Time to Put Pro Bowl Out of Its Misery
MIAMI -- Given a choice of watching the Pro Bowl or wading with killer alligators in the Everglades, well, next time, I promise to think about it. Not that I really want a next time. If this event could be held at midseason, like all the normal All-Star Games, and if every player was placed in a hermetically sealed cocoon to avoid injuries, and if the mood was serious and not something out of Uncle Bob's picnic, then maybe I'd embrace it.

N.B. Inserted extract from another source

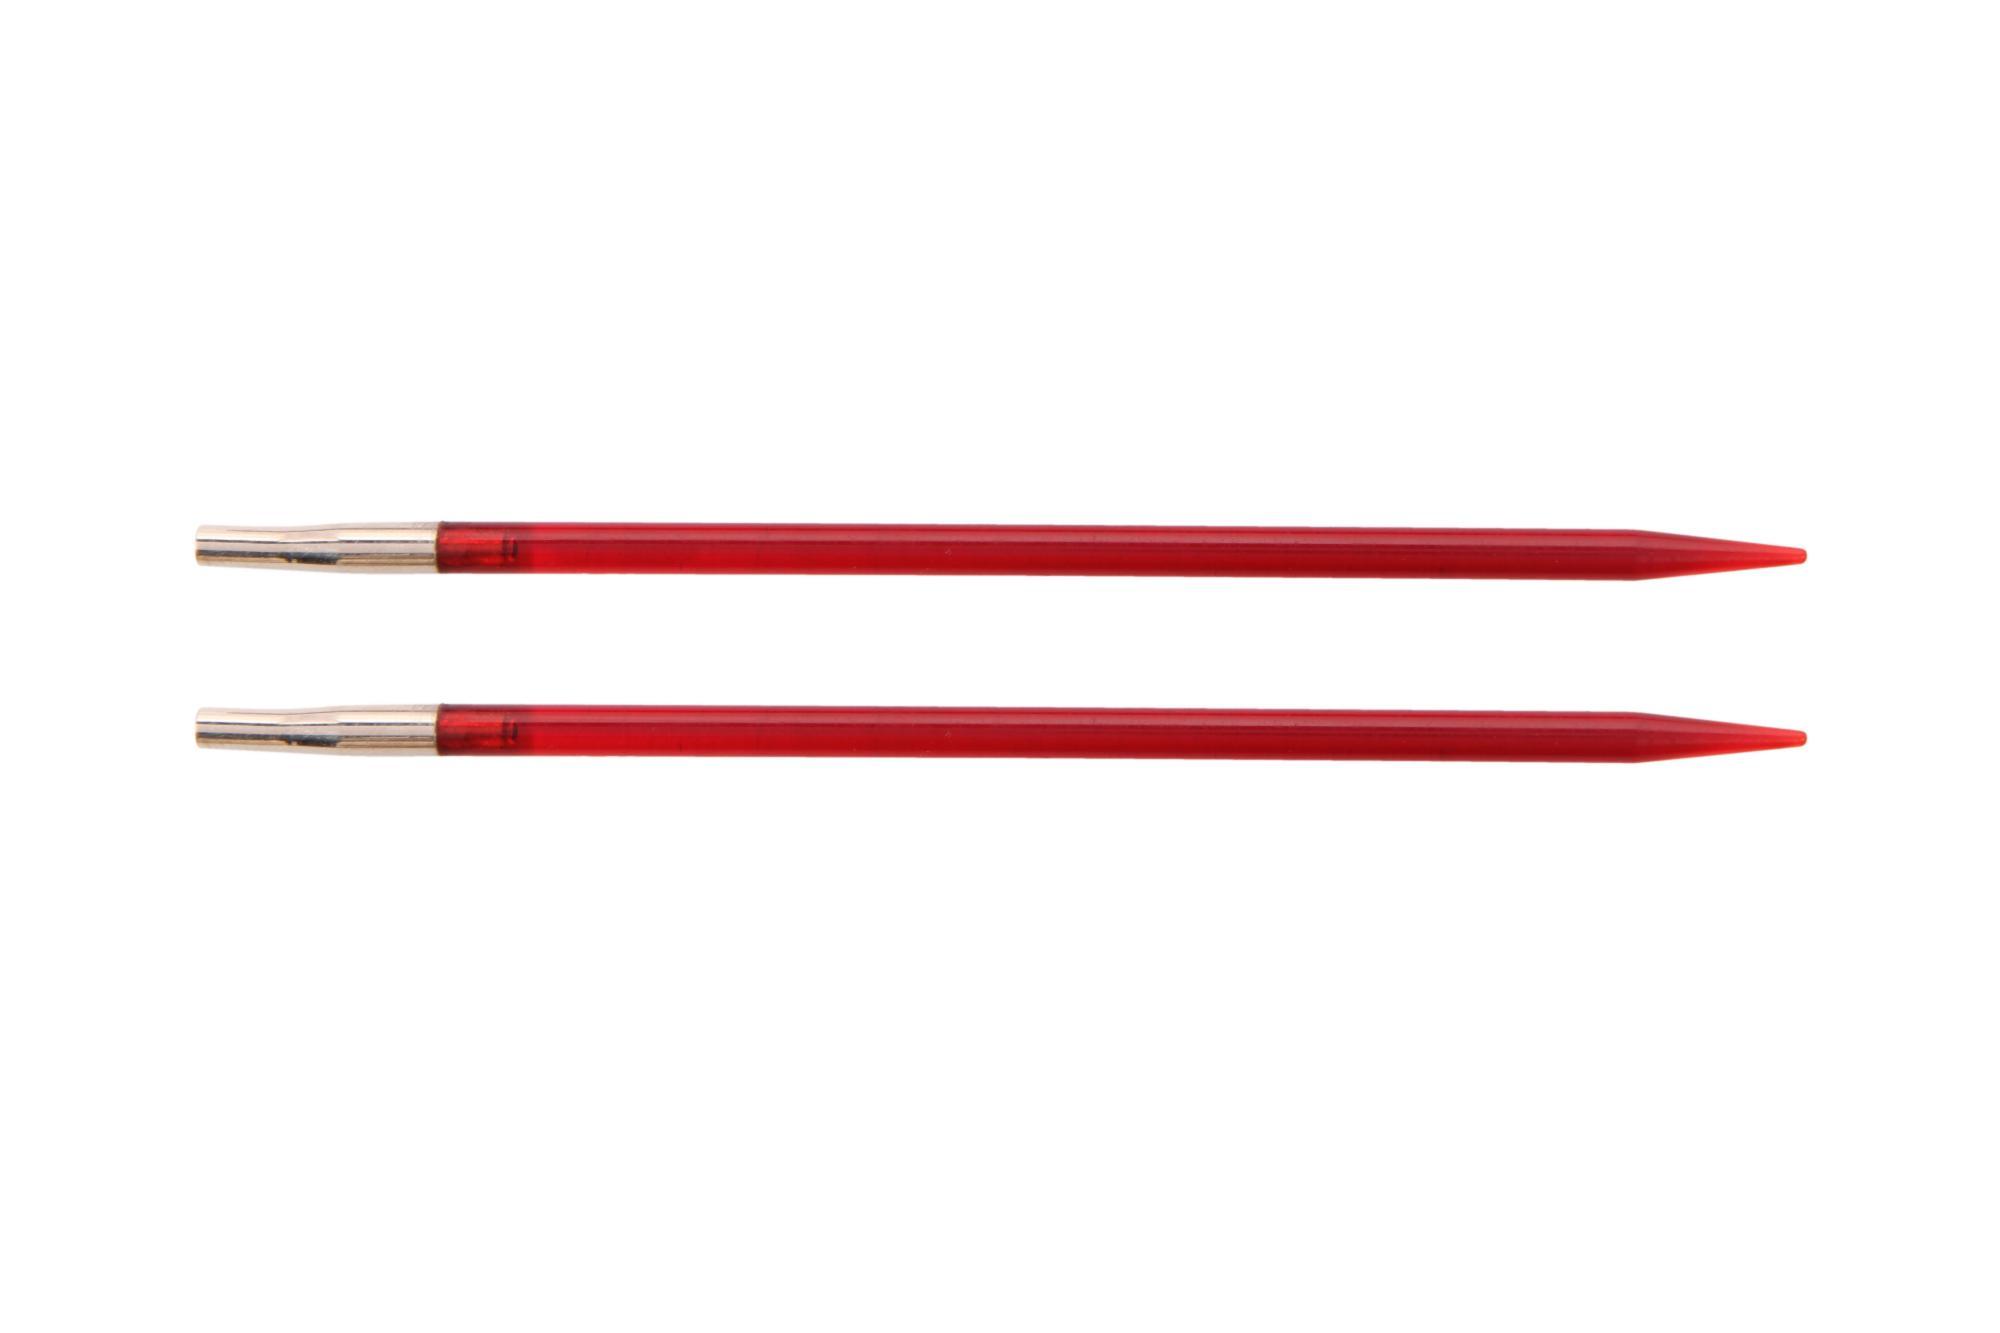 Спицы съемные Trendz KnitPro, 51251, 3.50 мм

But what I watched on a rainy Sunday night, inside whatever they're calling Joe Robbie Stadium/Pro Player Stadium/Dolphin Stadium these days, was completely embarrassing, meaningless, unnecessary and insulting to one's intellect. Give me Rex In The City, Jets coach Rex Ryan, flipping the bird at rowdy Dolphins fans at a nearby mixed martial arts event. Give me whether the NFL is headed toward labor doom, which will be a constant theme this week. Give me a debate on whether Shaun Alexander belongs on the league's all-decade team. More importantly, give me Dwight Freeney's torn ankle ligament -- or if you believe the Colts, and I don't, a low ankle sprain -- and how it will affect the Indianapolis defense in putting pressure on Drew Brees next Sunday.